That was the first dress Curt ever made for me by hand. A gift for our wedding anniversary.

Ten years ago, I wore it to a dinner and never came home alive.

Curt said nothing. Slowly, he turned his face away.

The panic in his eyes was impossible to hide.

His hands rested on the table, all ten fingers trembling.

"Impossible."

A murmur so faint I could only hear it because I was pressed against his back.

His heartbeat slammed through the silent interrogation room.

Once. Twice. Again.

Fast and brutal, like a sledgehammer cracking against his ribs.

A flash tore through Curt's mind: a rainy night, ten years ago.

Bernice, drenched in blood, coming to find him.

Lightning illuminating her features, melted and corroded by sulfuric acid, like some helpless ghost.

"Professor Baxter, I killed someone…"

"Stop waiting for her. Your wife… she's not coming back. I didn't mean to, Professor… my face just—it hurts so much."

"Professor, I don't want to go to prison… Please."

Back then, he'd softened.

For the next half hour, Curt didn't move.

No matter how Captain Carter pressed him, he sat as if turned to stone, not saying a word.

I hovered above him, watching, a thousand thoughts flooding through me at once.

The first time we met, I was wearing a floral dress.

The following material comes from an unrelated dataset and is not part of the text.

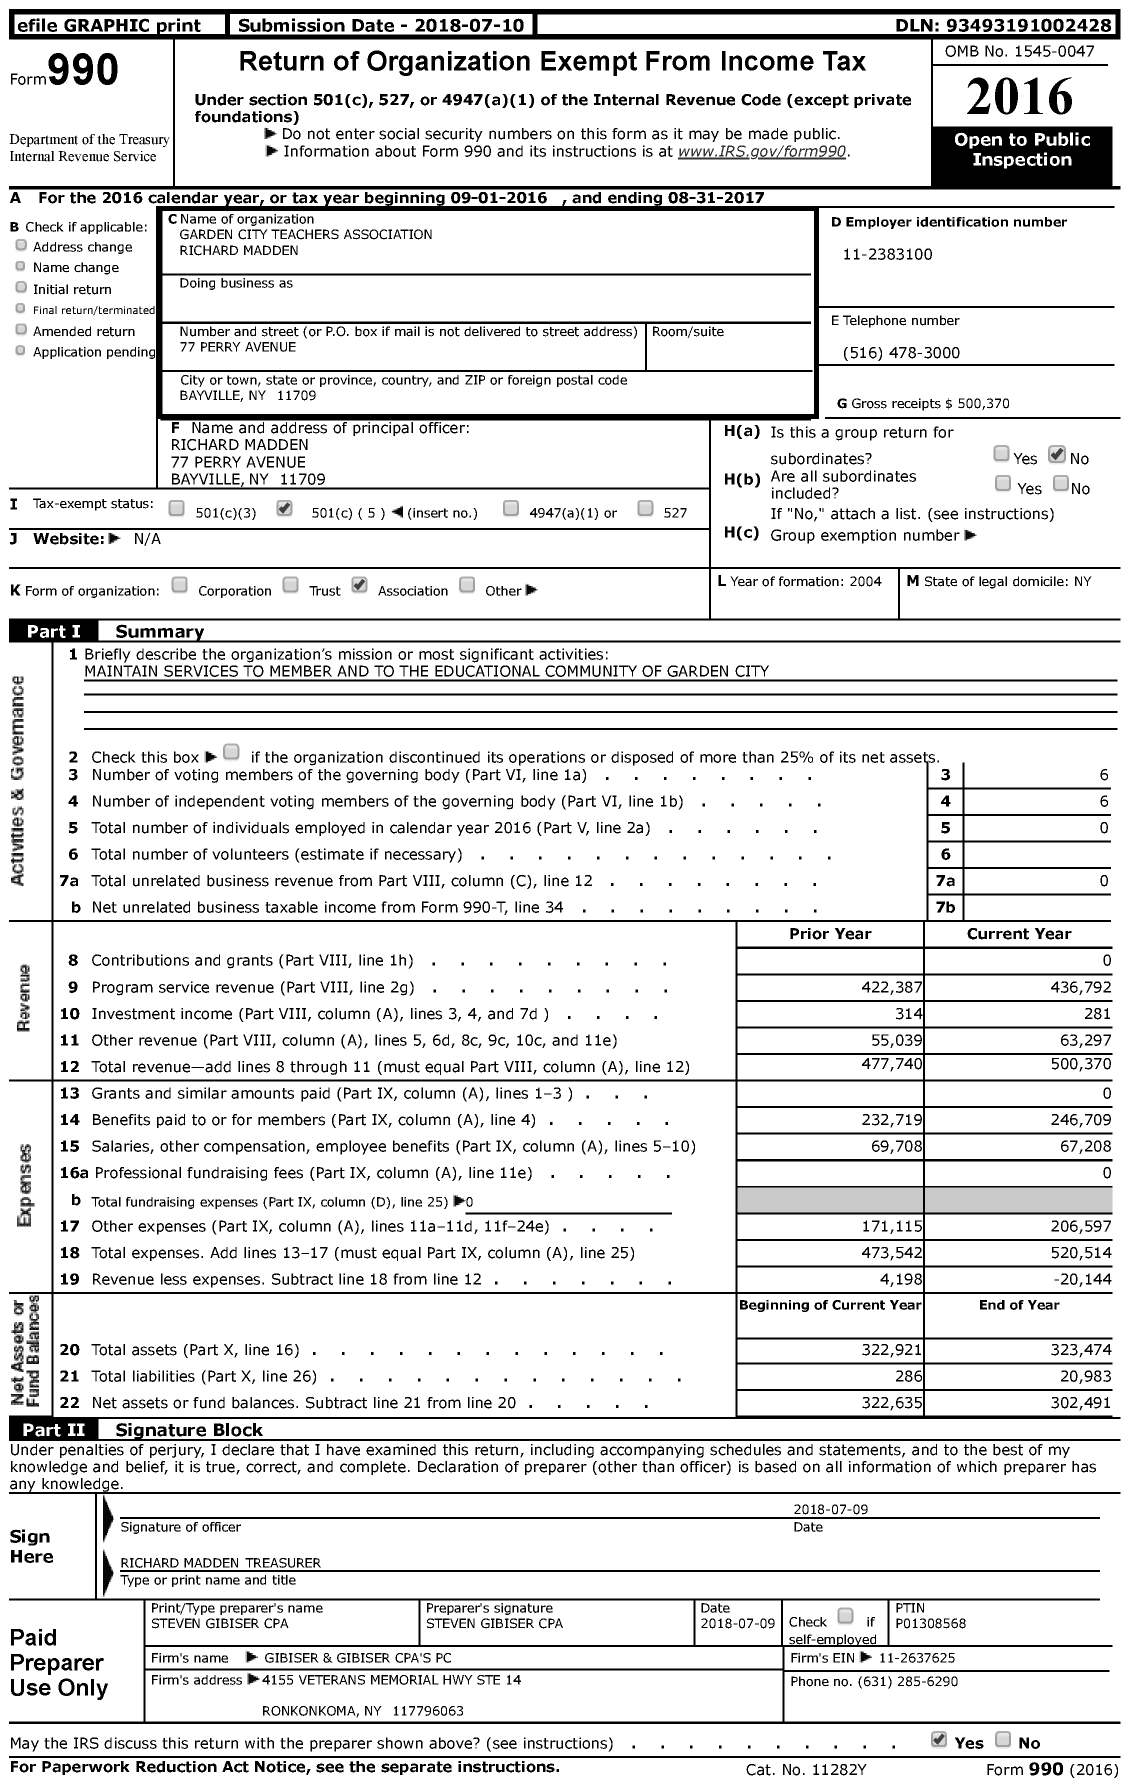 Image of first page of 2016 Form 990 for American Federation of Teachers - 2666 Garden City Teachers Assoc

He was carrying a thick anatomy textbook and walked straight into me. Before I could even speak,

Curt said, perfectly deadpan: "A blunt-force collision like that can cause bruising and subcutaneous bleeding. I should take you to the clinic."

It wasn't until much later that I found out he'd planned the whole thing—spent a full week staking out the library, waiting for me, and even got a friend in the medical school to help, all to make sure there'd be a reason to see me again.

Curt was never a romantic person.

Spending his days with the dead made him quiet, hard to approach. People called him the dissection fanatic.

But only I knew.

After anatomy class, we'd sneak off to the alley behind campus for offal hot pot.

He couldn't handle spice, but he'd order the hellfire level without so much as flinching.

"Liking someone means you want to do the same things she does."

He could replicate my walk perfectly, every little habit.

He knew every bone in my body—length, width, curve—and he'd even built a little plastic skeleton figurine scaled exactly to me.

He hung it from his backpack and fiddled with it every day.